━━━━━ DATASET CONTENT ━━━━━
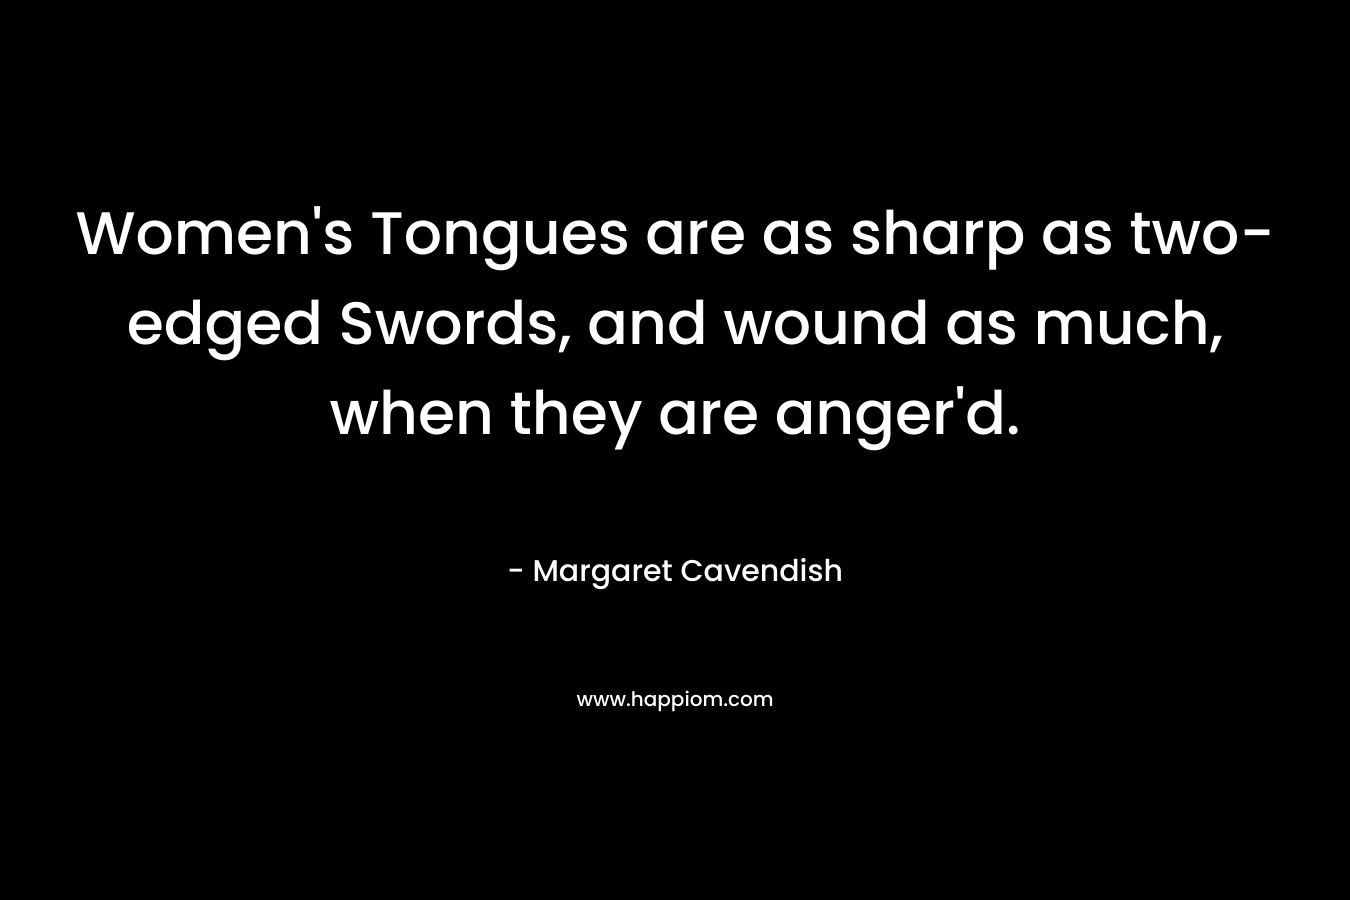 Women's Tongues are as sharp as two-edged Swords, and wound as much, when they are anger'd.
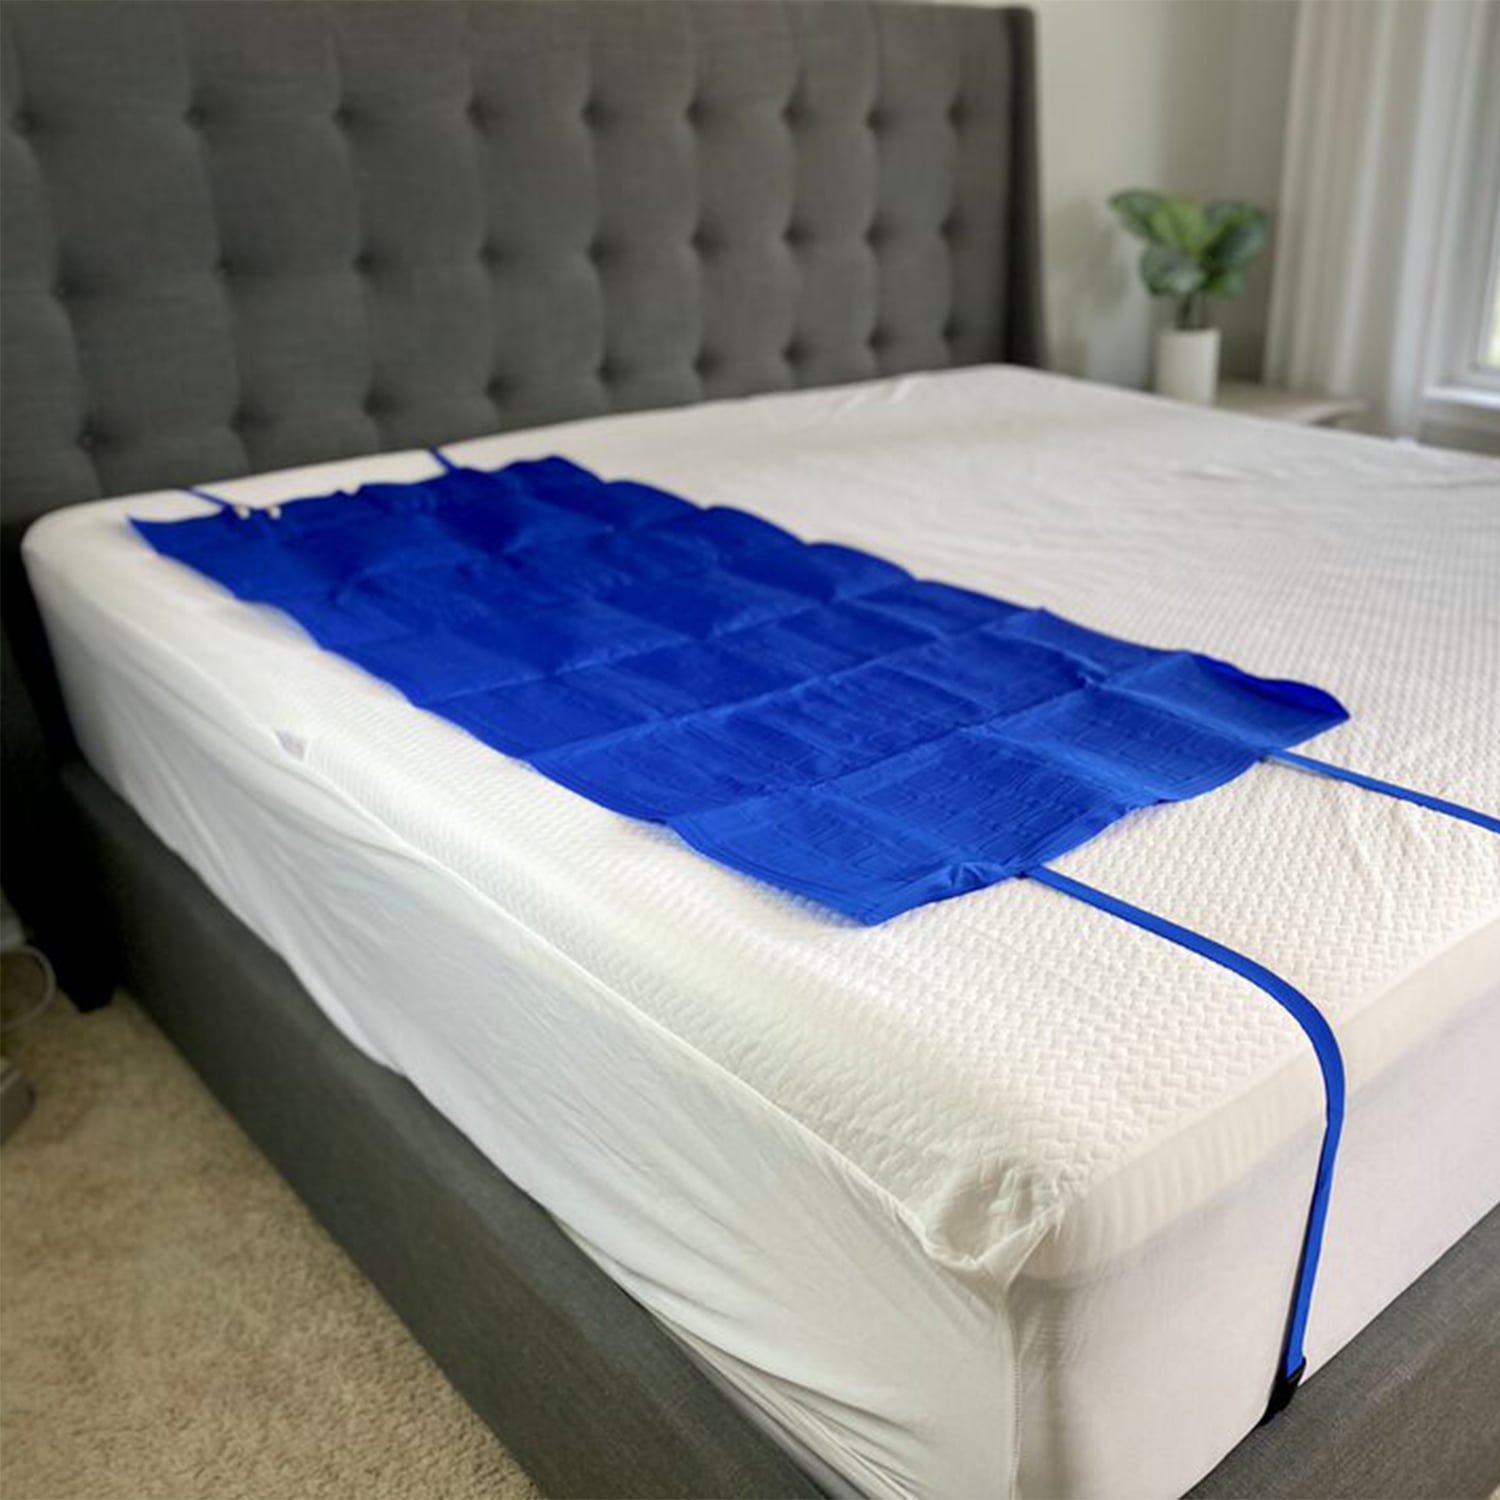 APENCHREN Cooling Water Mattress, Cooler Pad, Ice Mattress, Cooling Bed  Conditioning System - for Home, Dorm Room, Apartment and Hostel, Cool in
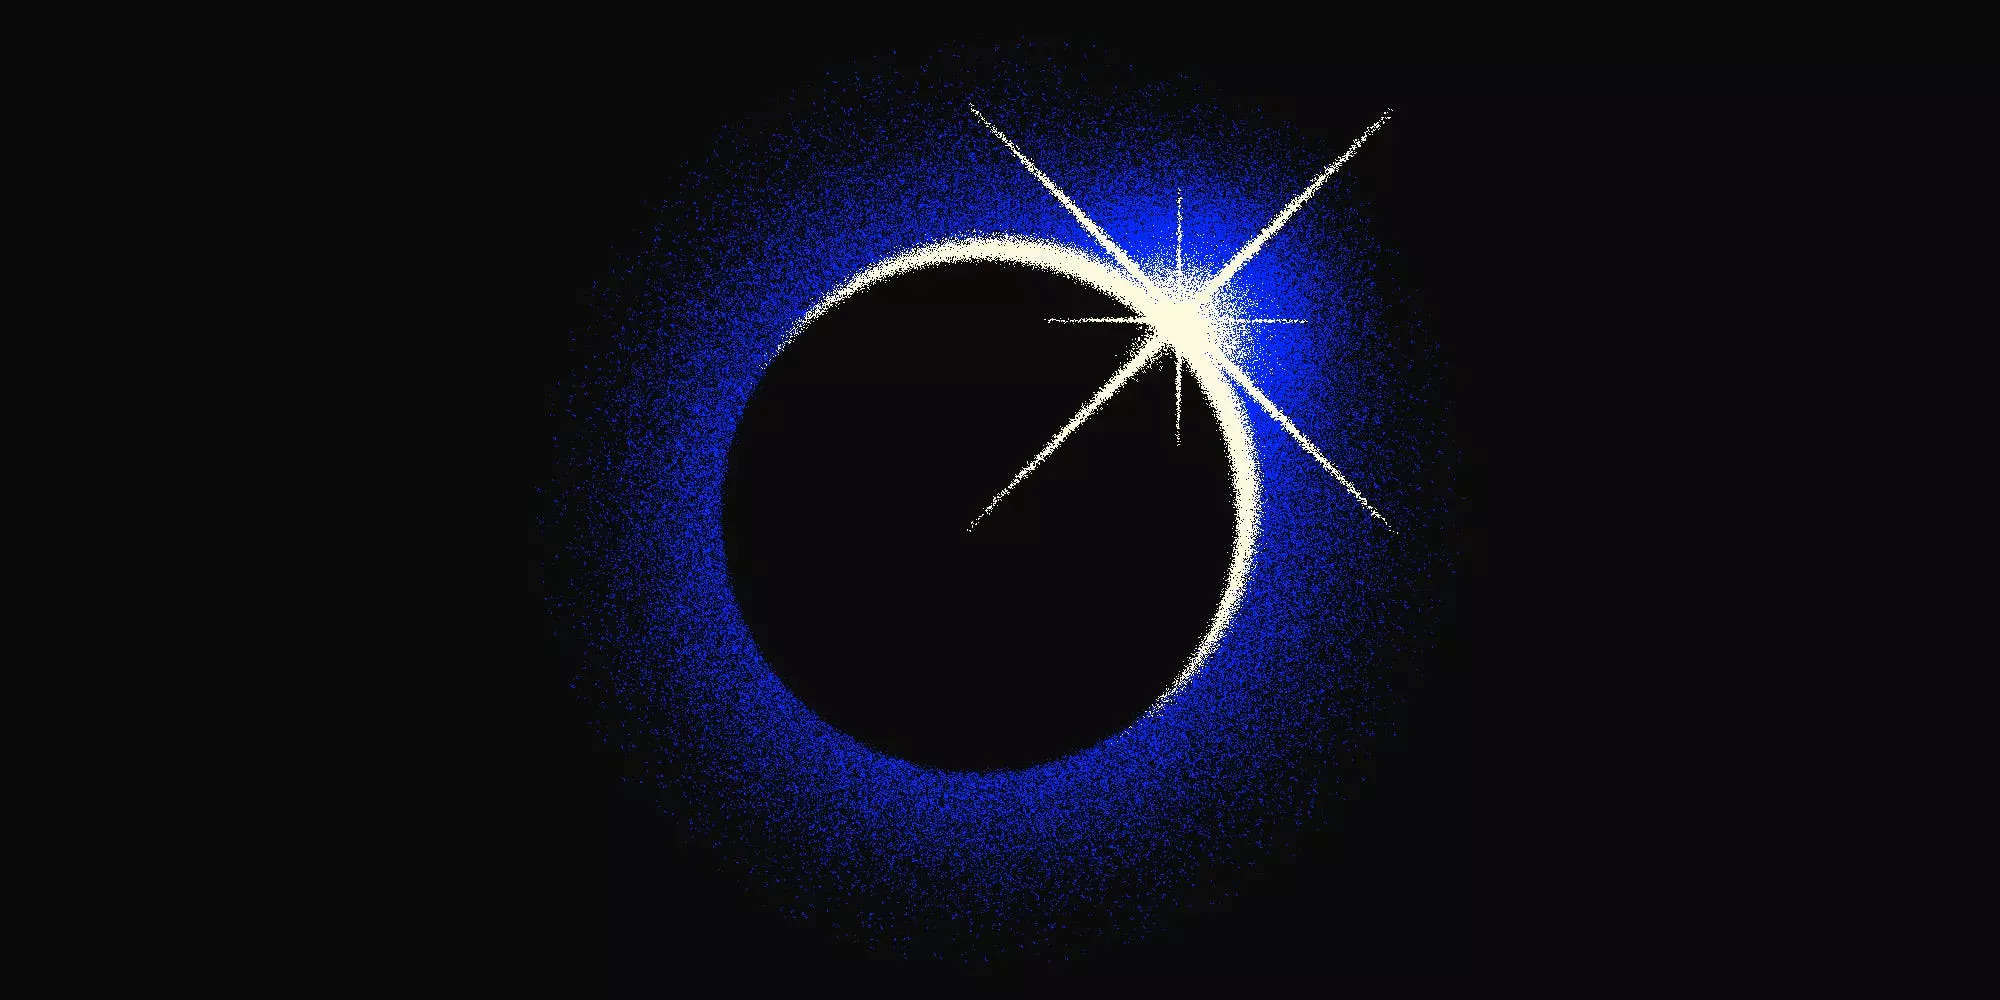 An illustration of an eclipse.
━━━━━
Copy out the material above in full and exactly, but with no pictures.

* _SOLUTION FOR THIS TASK_
 Women's Tongues are as sharp as two-edged Swords, and wound as much, when they are anger'd.
 APENCHREN Cooling Water Mattress, Cooler Pad, Ice Mattress, Cooling Bed  Conditioning System - for Home, Dorm Room, Apartment and Hostel, Cool in
 An illustration of an eclipse.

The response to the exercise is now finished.